The index analyzed by the filter can be decoded into a Weight address, then the activated Weight can be taken out, corresponding 8 Vmem values are also taken out, 8-path controllers calculate 8-line convolution results, simultaneously each path of controller simultaneously calculates results of 8 channels, the calculating unit completes 8 multiplied by 8= 64-path parallel convolution calculation, and the calculation between layers is pipelined.
FIG. 4 contains more details of step 3, where one kernel corresponds to 27 weights, 8 kernels correspond to 8 channels of the result, and each channel shares the input Neuron State, so that valid positions of weightings in the kernels 0-7 are the same, and the same addresses can be simultaneously fetched, and each address stores Weight values of the kernels 0-7 in sequence from high to low, and the weightings in each kernel are stored in 0-26 addresses in sequence according to the sequence of the first row and the second row, and the storage structure diagram of weightings is specifically shown in FIG. 7.
Meanwhile, the Vmem value of the previous time of the output layer needs to be read, updating is carried out on the basis, the memory structure diagram of Vmem is shown in FIG. 8, Vmem data are stored in the RAMs with the numbers of 0-7 in sequence according to rows, 8 rows of source data can be provided during calculation, meanwhile, Vmem results of 1-8 channels are stored in each RAM from high to low in sequence, if the number of the channels is larger than 8, after the 1-8 channel results are stored, 9-16 channels continue to be stored, and the rest is analogized.
Step 4
fetch _ res _ from _ snpu, which saves the result Vmem and neuron state returned by the compute unit back to the memory unit in-situ.
Design verification is carried out according to the scheme, the total neuron is N, wherein the activated neuron M can obtain N/M times of optimization effect compared with the traditional convolutional neural network, and the sparse optimization effect is better.

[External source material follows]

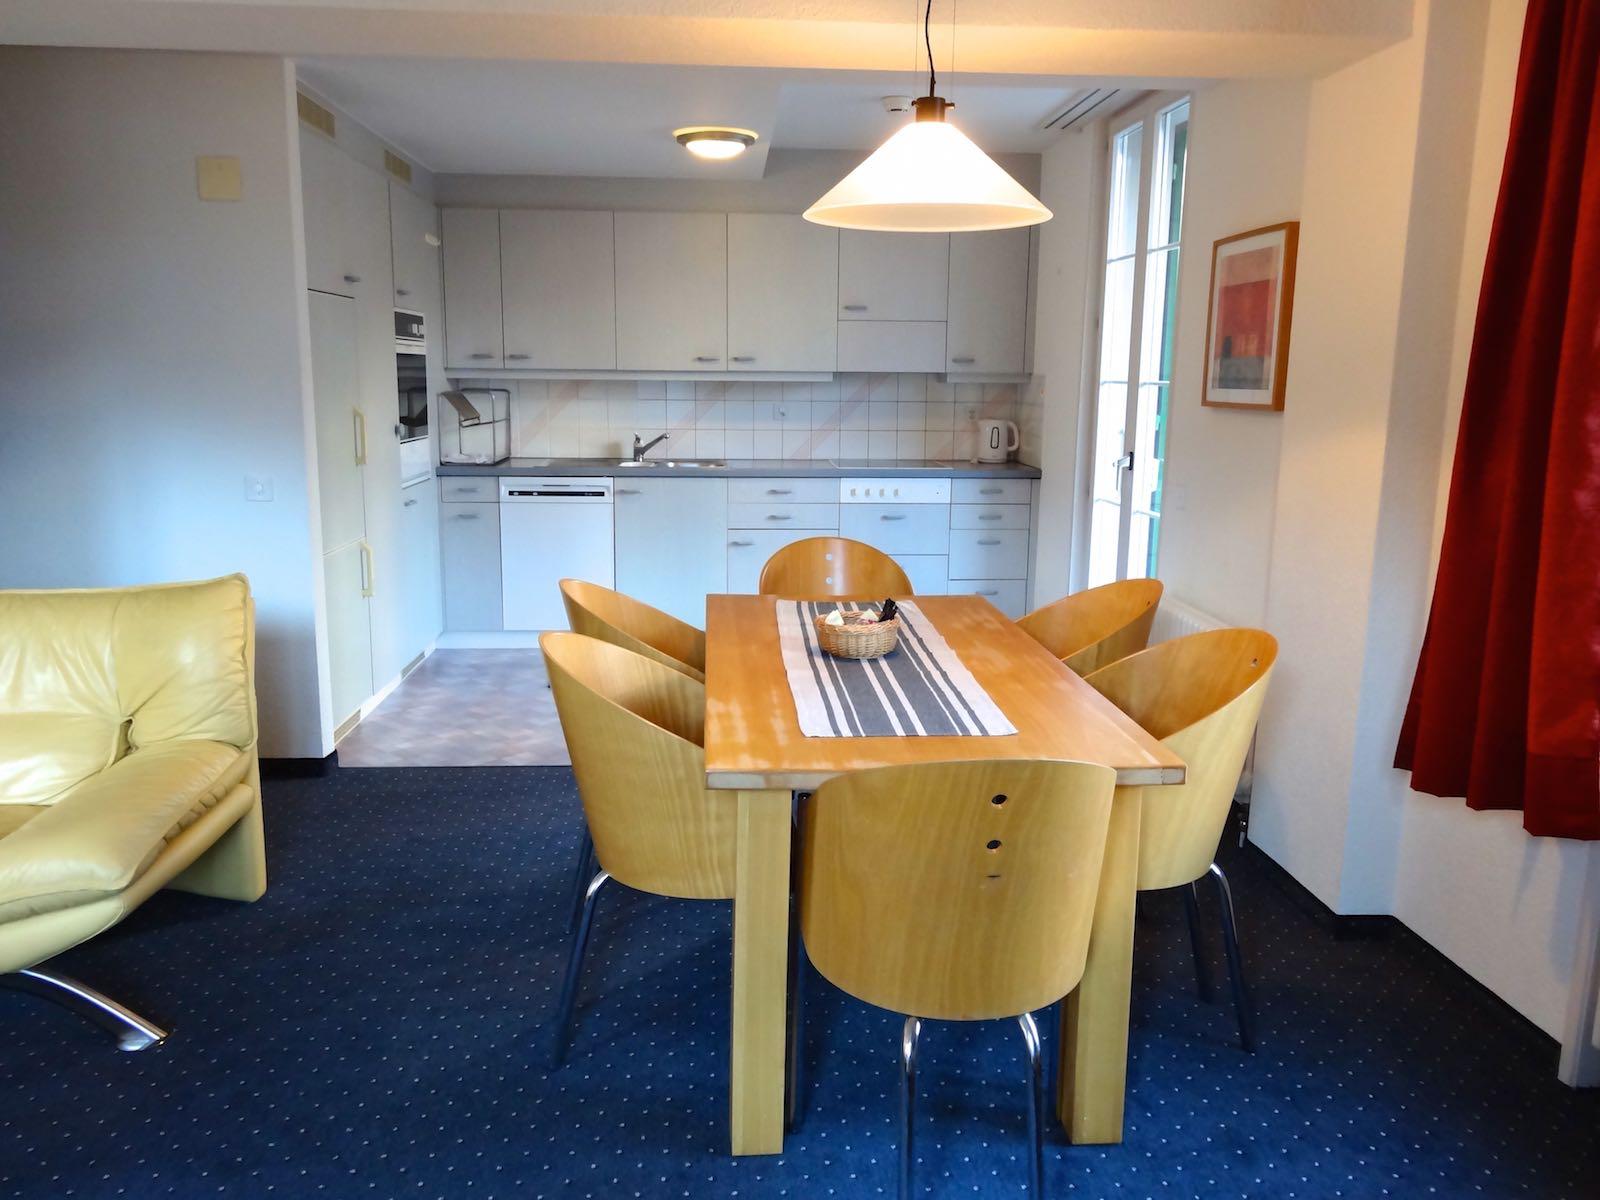 http://hoteljungfrau.ch/wp-content/uploads/2014/11/hotel-apartment-9.jpg
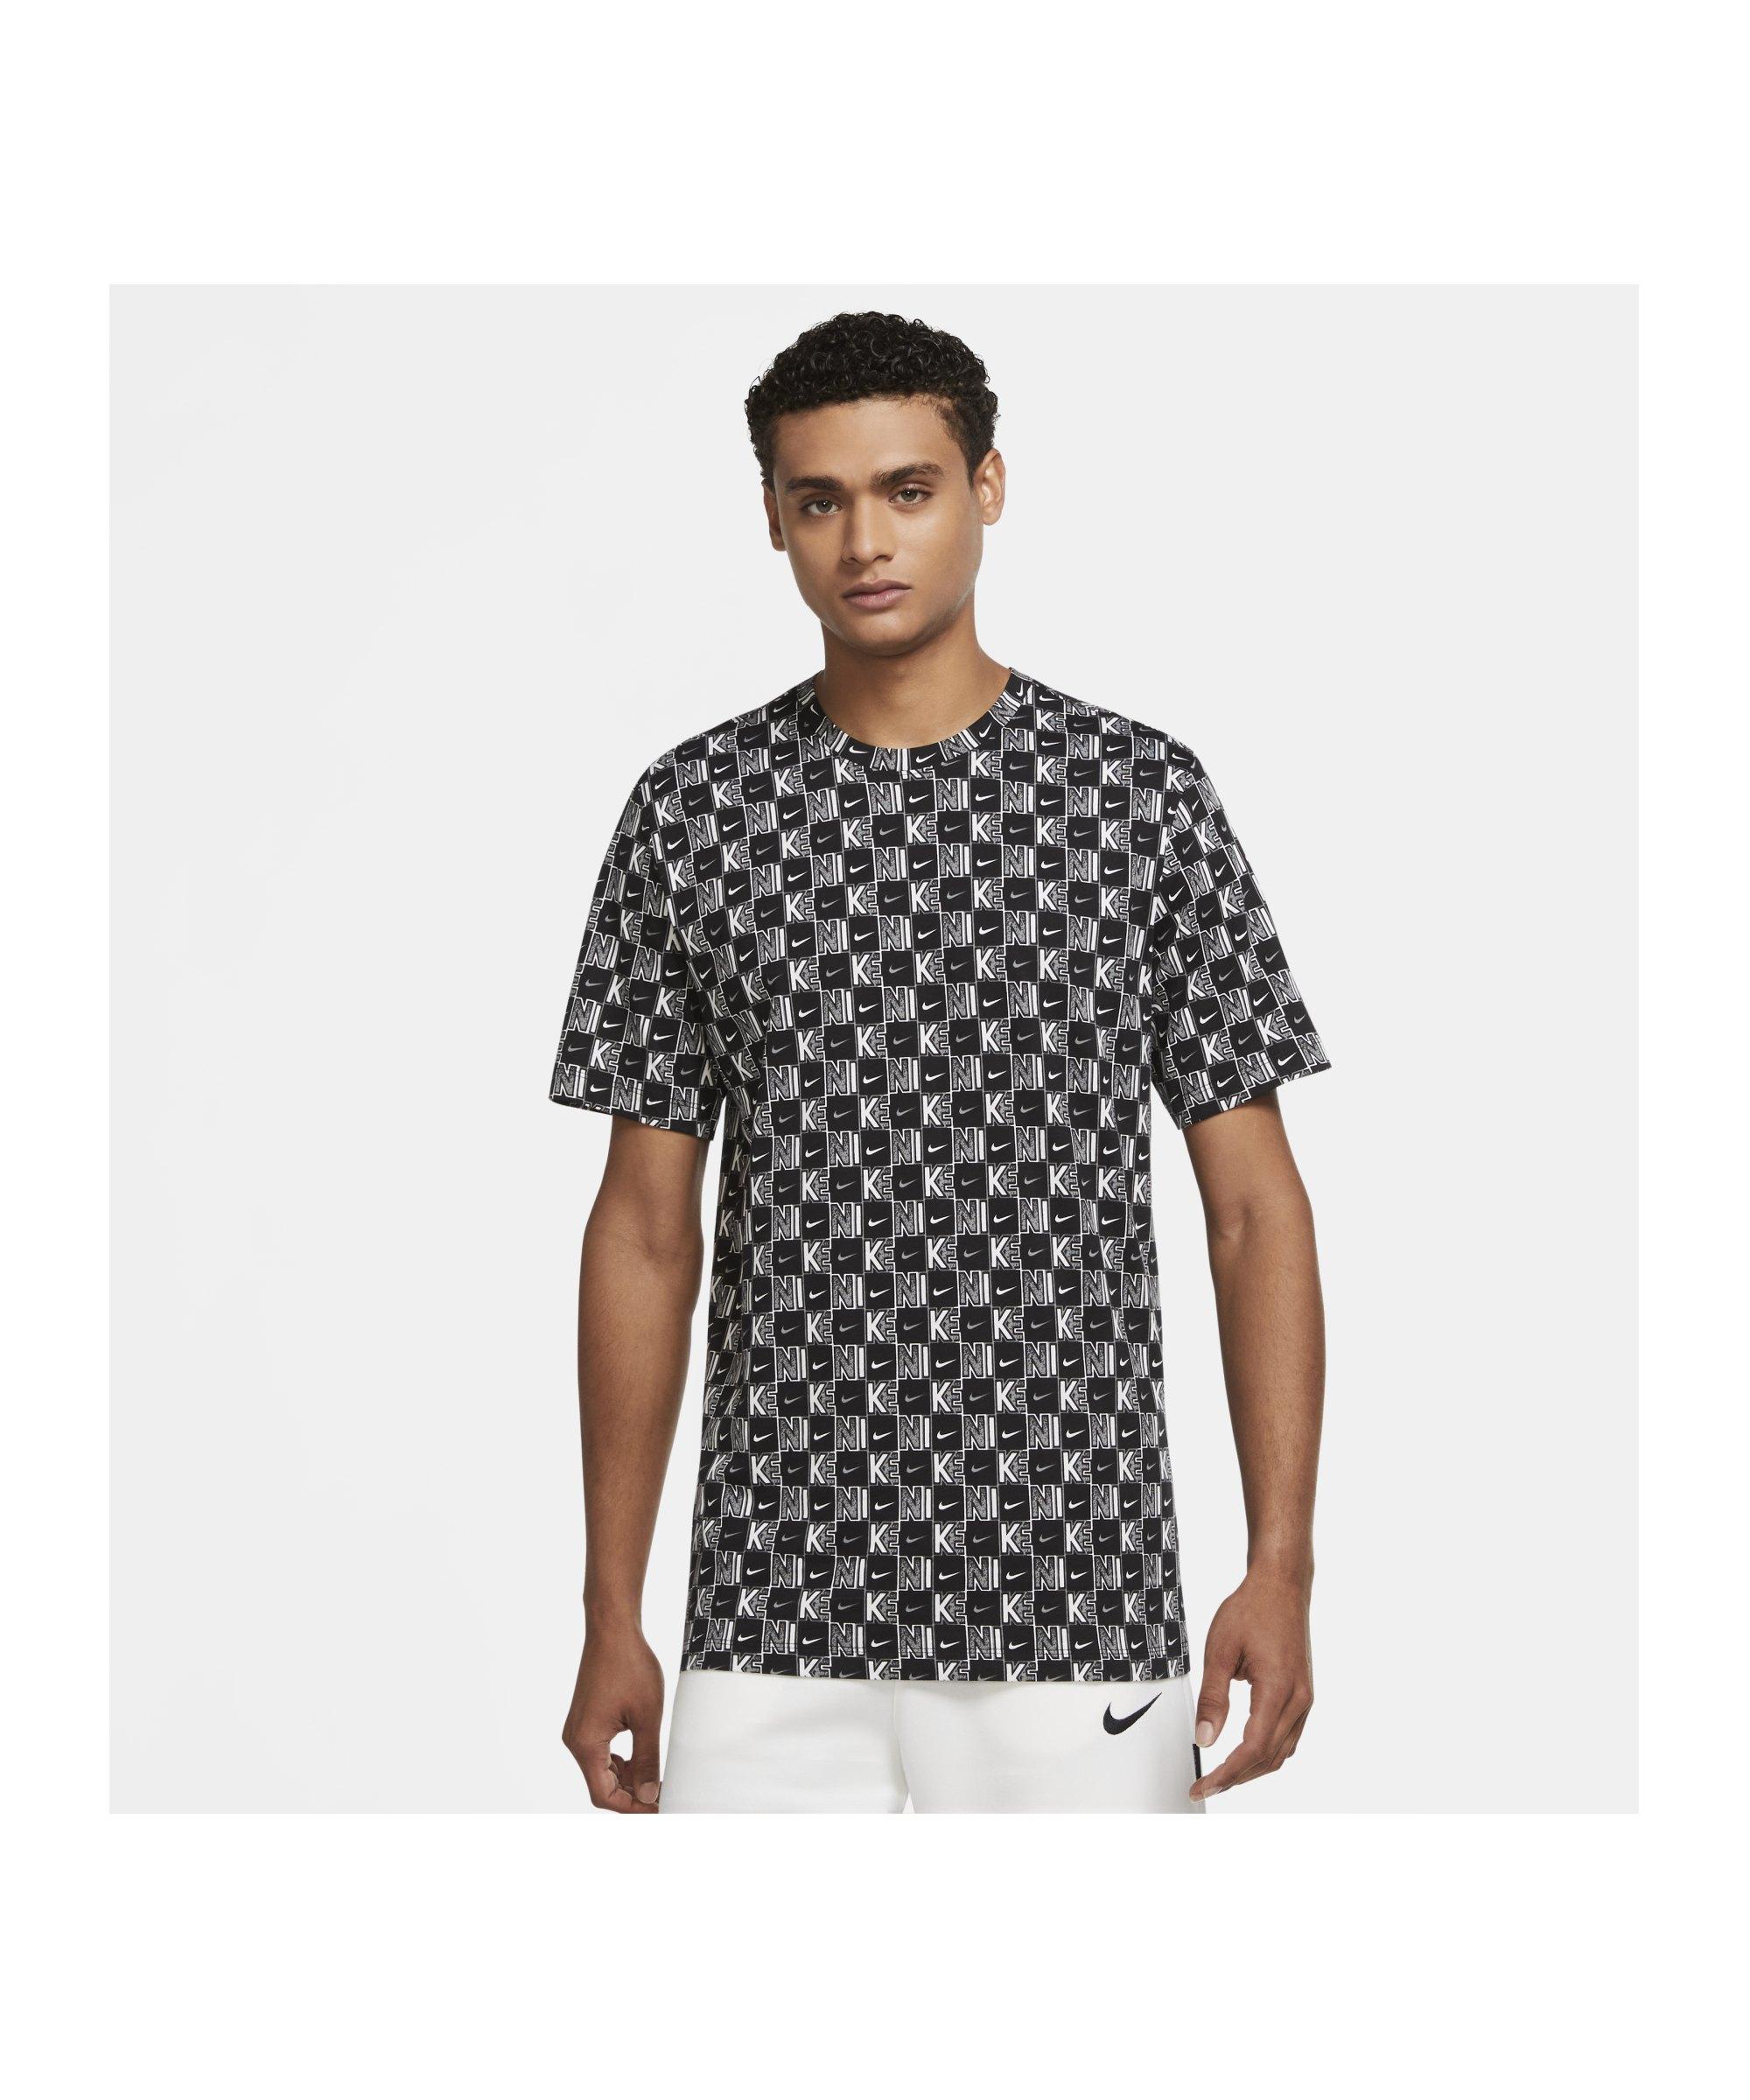 Nike Sportswear Karo T-Shirt Weiss Schwarz F100 - weiss

In summary, the efficient hardware implementation method of the multiplicationless convolution scheduler based on the impulse neural network supports 3 × 3 convolution calculation based on any specification input of the impulse neural network, supports 64-path parallel calculation, does not need a hardware multiplier, can effectively improve the performance of convolution calculation in the neural network, reduces the calculation complexity, obtains higher efficiency and lower power consumption, and has higher flexibility.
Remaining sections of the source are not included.